Ovarian Cancer Cell Laboratory
MRC Weatherall Institute of Molecular Medicine
Nuffield Department of Women’s & Reproductive Health
University of Oxford, UK

留学一年を過ぎて

こんにちは、平成22(2010)年卒の竹田貴です。2022年11月より英国オックスフォード大学に留学させていただいております。所属はNuffield Department of Women’s & Reproductive Healthになり、実際に研究室がある建物はMRC Weatherall Institute of Molecular Medicineで、その中に留学先であるOvarian Cancer Cell Laboratoryがあります。Ahmed Ashour Ahmed教授の指導のもと、卵管オルガノイドを用いた卵巣癌発癌モデルの確立および超早期診断・予防法の開発の研究に従事しております。はじめに、留学にあたり快く送り出してくださった青木大輔前教授、田中守教授、叱咤激励して下さった阪埜浩司前准教授、出向先であった那須赤十字病院から留学に送り出して下さった白石悟先生(統括顧問兼名誉院長)、また山上亘教授をはじめ教室員の先生方に感謝申し上げます。

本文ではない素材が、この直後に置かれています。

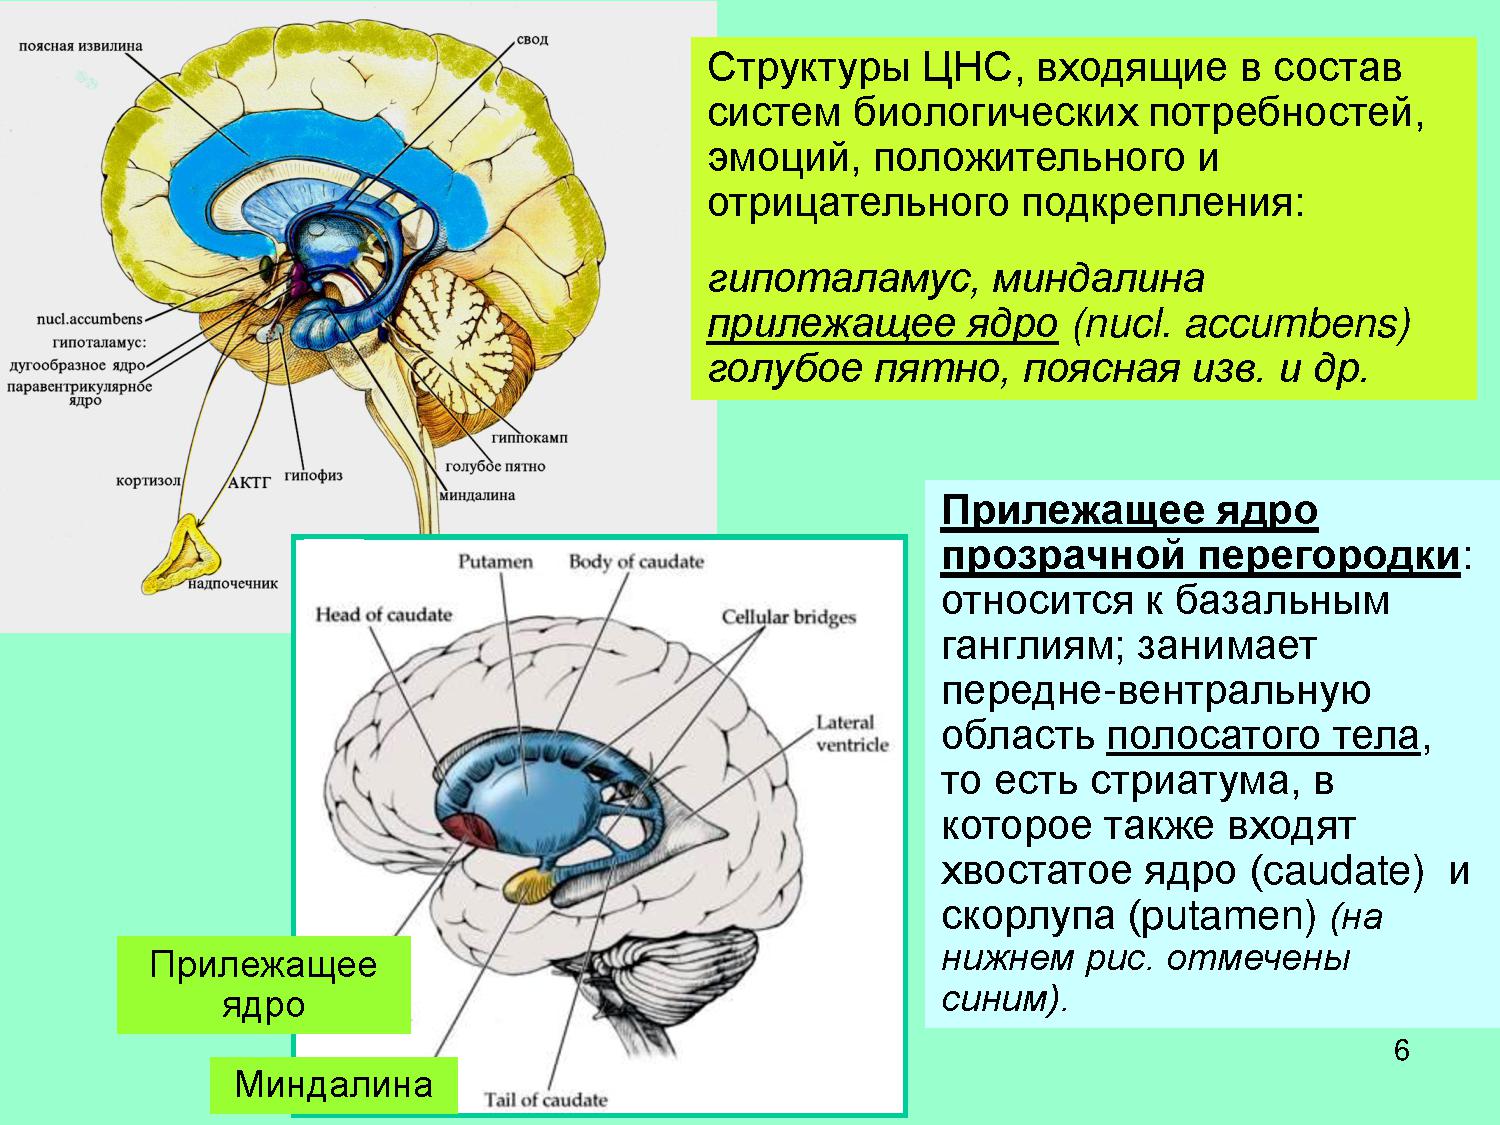 Входит в состав других систем. Прилежащее ядро головного мозга. Прилежащее ядро прозрачной перегородки. Хвостатое ядро мозга строение. Функции хвостатого ядра головного мозга.

留学のきっかけは、2019年に増田健太先生が同研究室に留学していた際に、田中守教授を訪問団長として、RCOG(英国王立産科婦人科学会)への参加とオックスフォード大学への訪問見学・交流の機会を得たことでした。その際に、当時大学院生であった自分の研究を説明したり(現在の研究とは全く異なる内容でしたが)、オックスフォード大学の研究室を見学させていただいたりし、研究留学を強く意識するようになりました。医学研究における留学で最も選ばれるアメリカよりも、奇しくも小学生の頃に1年ほど過ごしたイギリスへの訪問は、自分の中に英国留学の気持ちを強く植え付けました。大学院修了後早期の留学を目指しておりましたが、大学院卒業の2020年3月はコロナパンデミック開始の時と重なり、出向先であった那須赤十字病院にて臨床に没頭しているうちに、留学への意識が徐々に薄れておりました。そんな中、以前より留学の希望を話していた阪埜先生から叱咤激励をもらい、自分を奮い立たせ沢山の申請書を書き、多くのリジェクトを受けつつも、留学時の就労ビザ取得に必要なフェローシップを獲得することができ、留学を開始することができました。留学当初は、日照時間の短いイギリスの暗い冬と学校への転校手続きがなかなか進まなかった子供3人を連れての留学で、強いストレスとプレッシャーを感じましたが、幸い研究室のメンバーはみんな良い人ばかりで、慣れるまでの間に沢山気を遣ってくれました。また、2019年の訪問時に知り合いになっていたオックスフォード大学産科の松宮先生(以前慶應大の医学英語教育にも携わっていました)や留学開始当時にちょうどオックスフォード大学産科研究室に大学院生中に留学していた阿部雄志君(98回生)の存在は、大きな支えになりました。また、オックスフォードに留学に来ている日本のドクターとも出会い、現在では月一で「Headingtonの集い」というパブ会を行い、色々な情報交換を行なって支え合っています。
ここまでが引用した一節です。